● **Data shown**
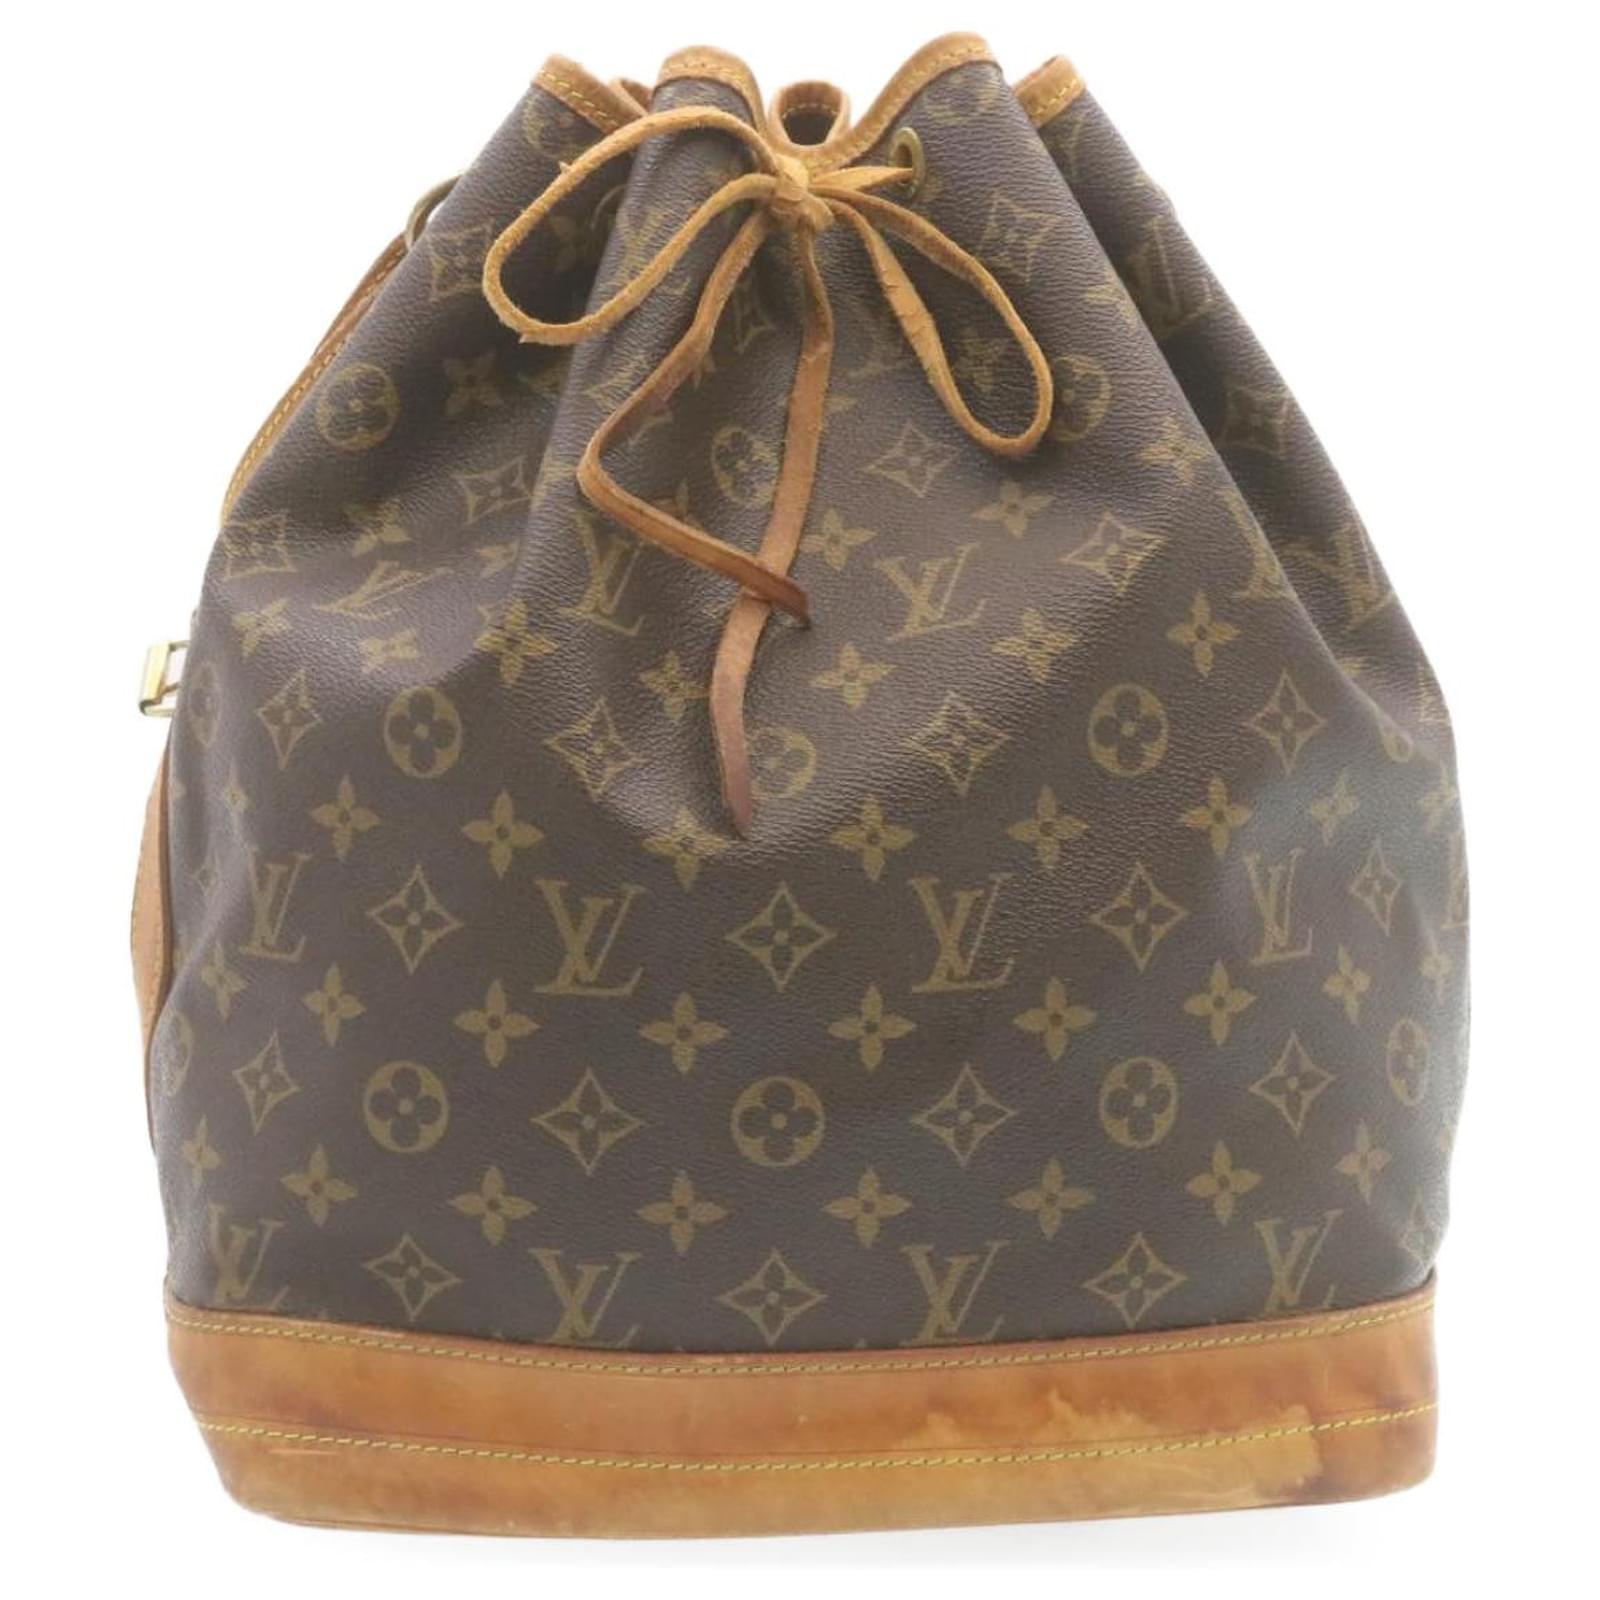 Auth Louis Vuitton Monogram Noe Shoulder Tote Bag M42224 AR0946
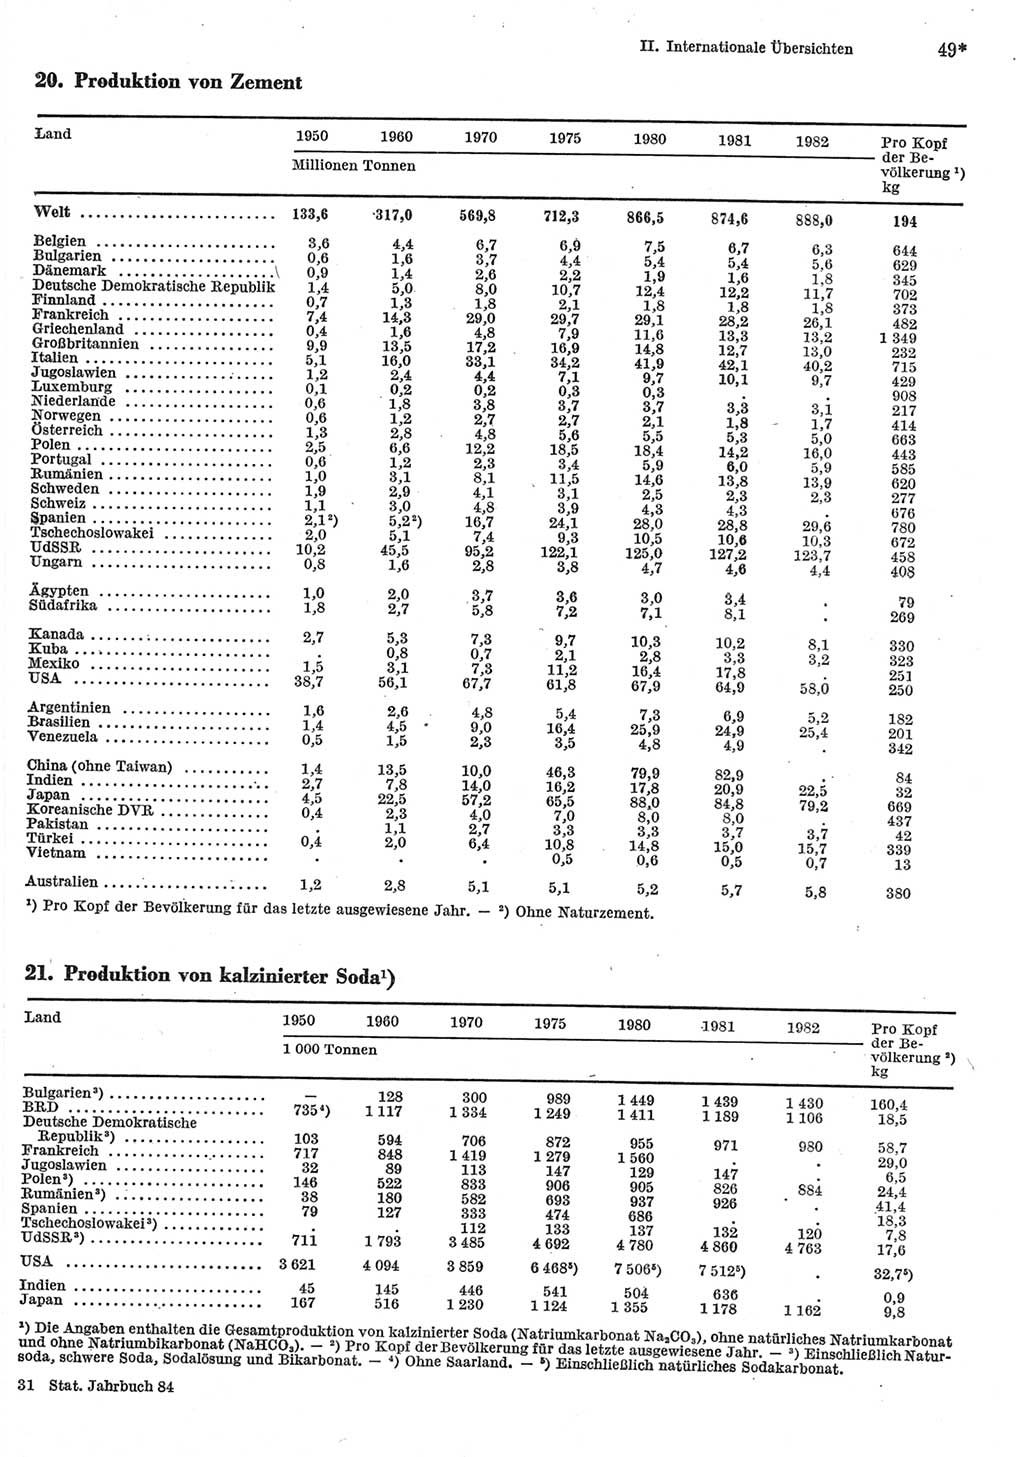 Statistisches Jahrbuch der Deutschen Demokratischen Republik (DDR) 1984, Seite 49 (Stat. Jb. DDR 1984, S. 49)
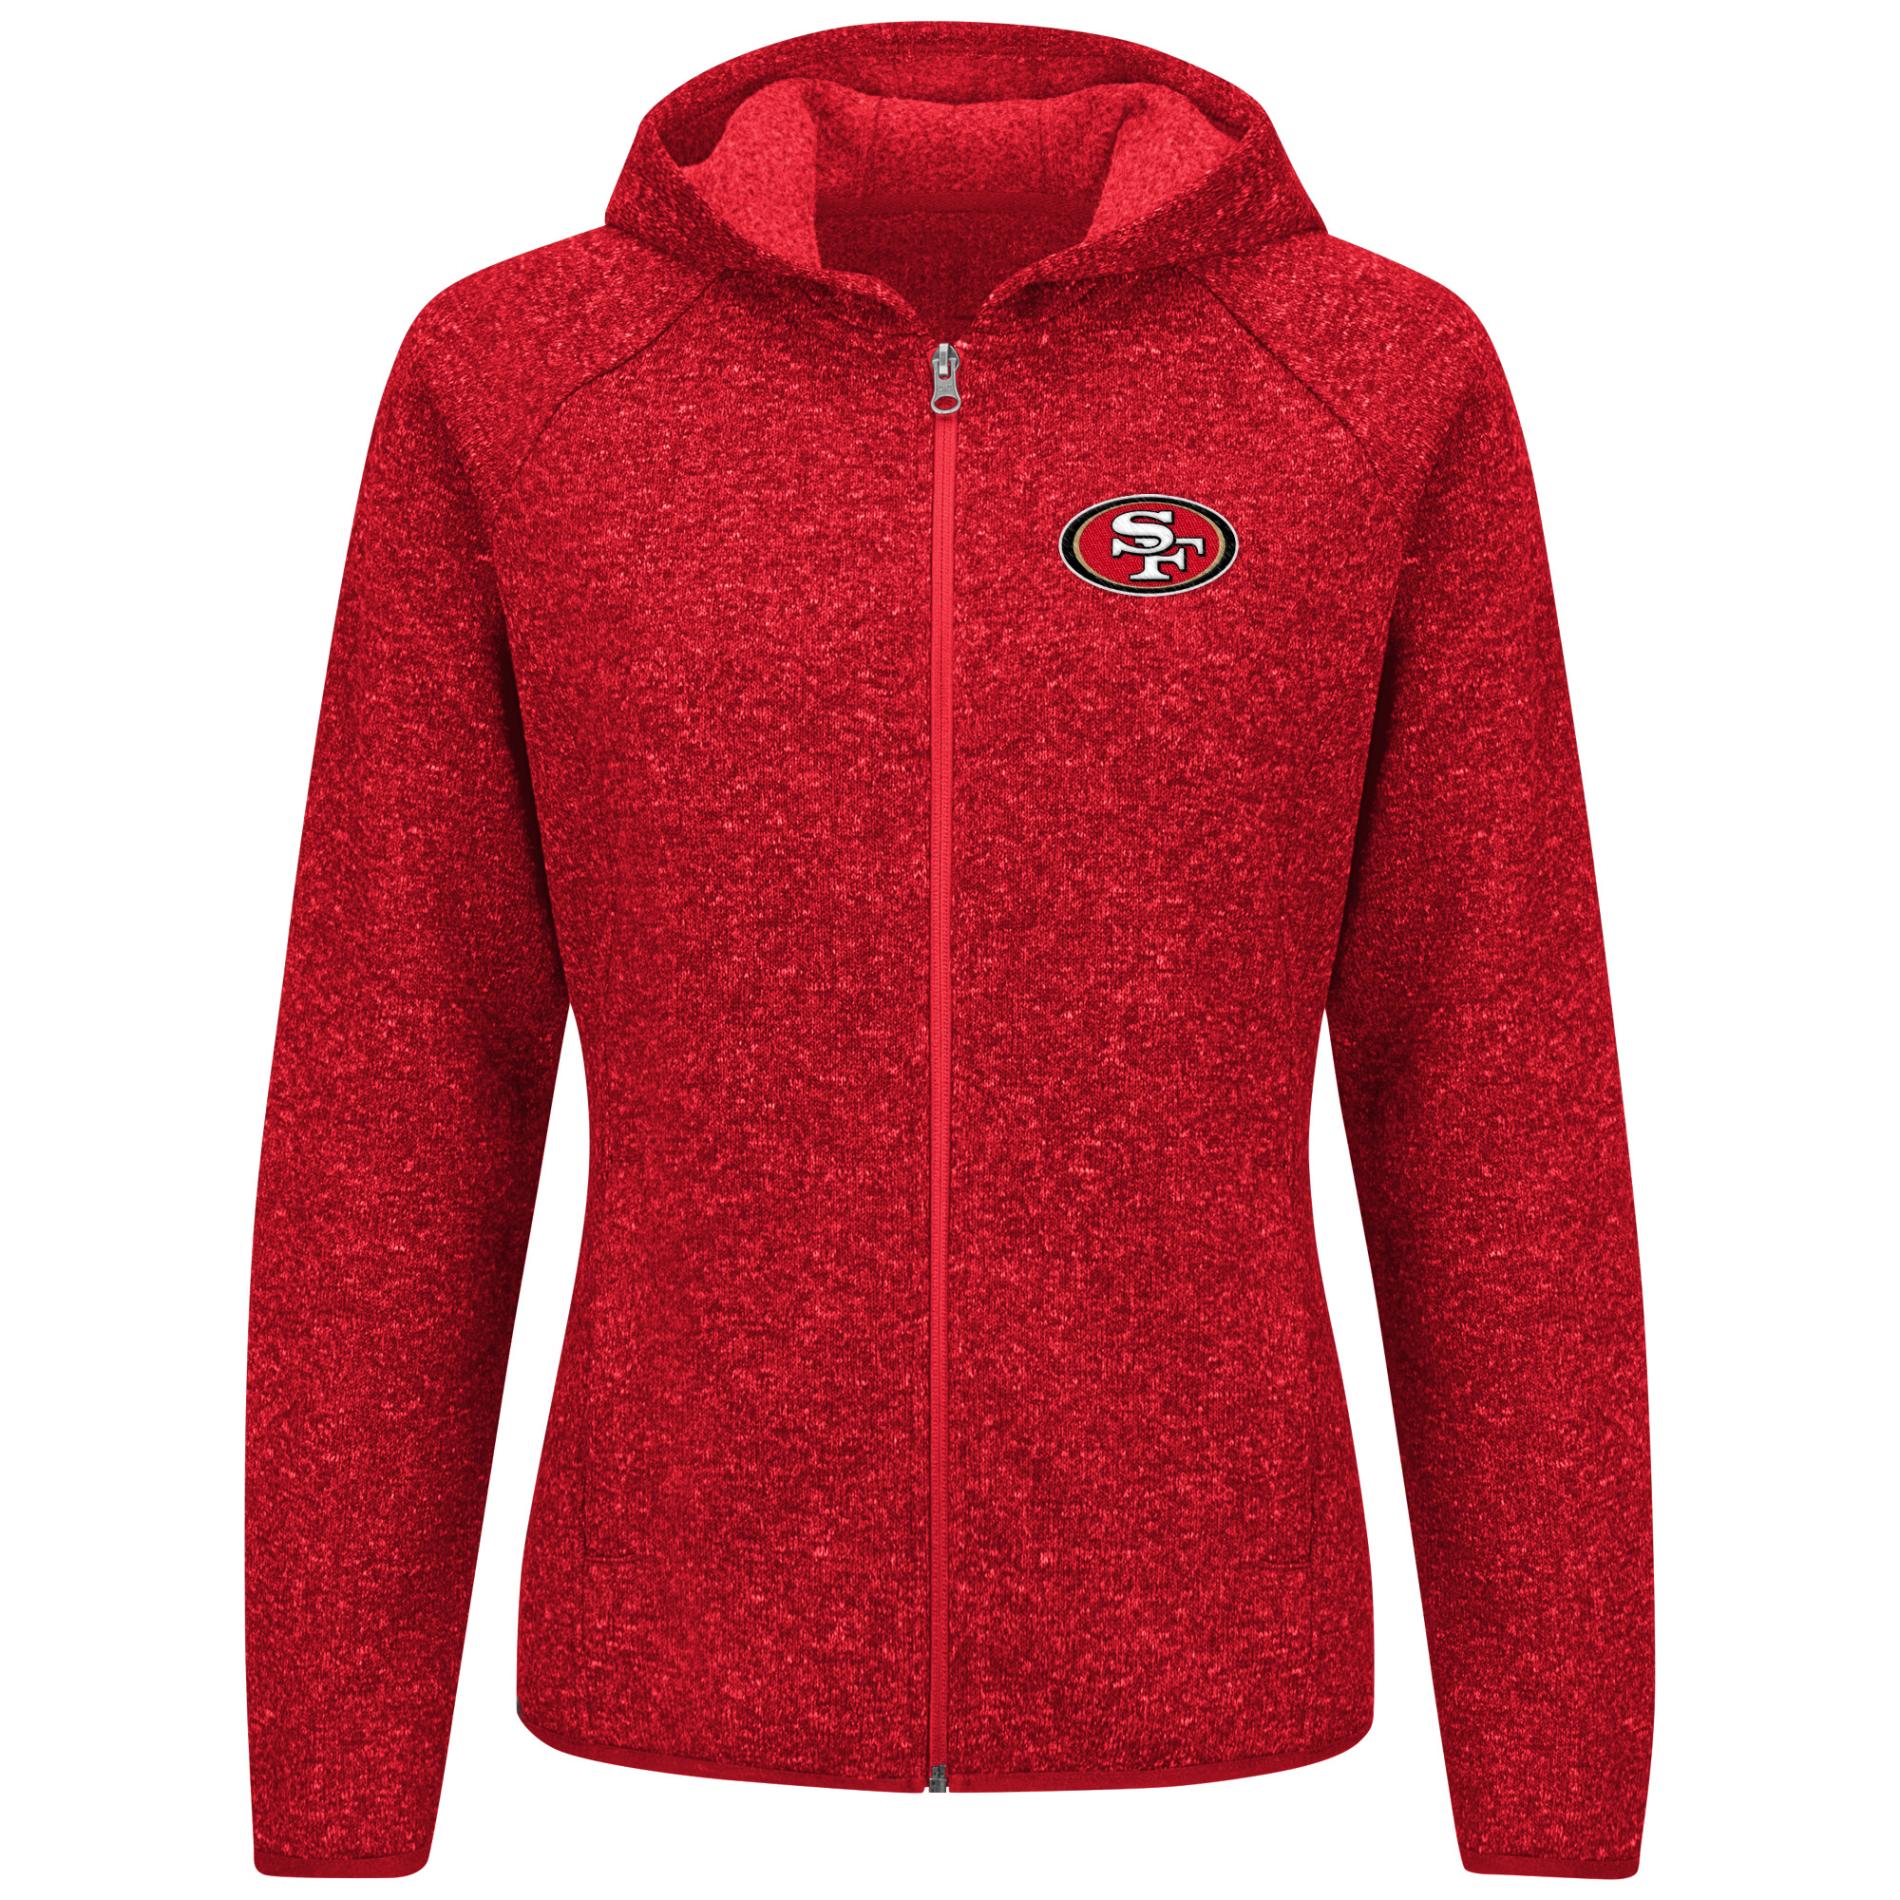 NFL Women's Hoodie Jacket - San Francisco 49ers

● **Your assignment**
Set down the data above verbatim, omitting every image.

● **Result of this task**
 Auth Louis Vuitton Monogram Noe Shoulder Tote Bag M42224 AR0946
 Statistisches Jahrbuch der Deutschen Demokratischen Republik (DDR) 1984, Seite 49 (Stat. Jb. DDR 1984, S. 49)
 NFL Women's Hoodie Jacket - San Francisco 49ers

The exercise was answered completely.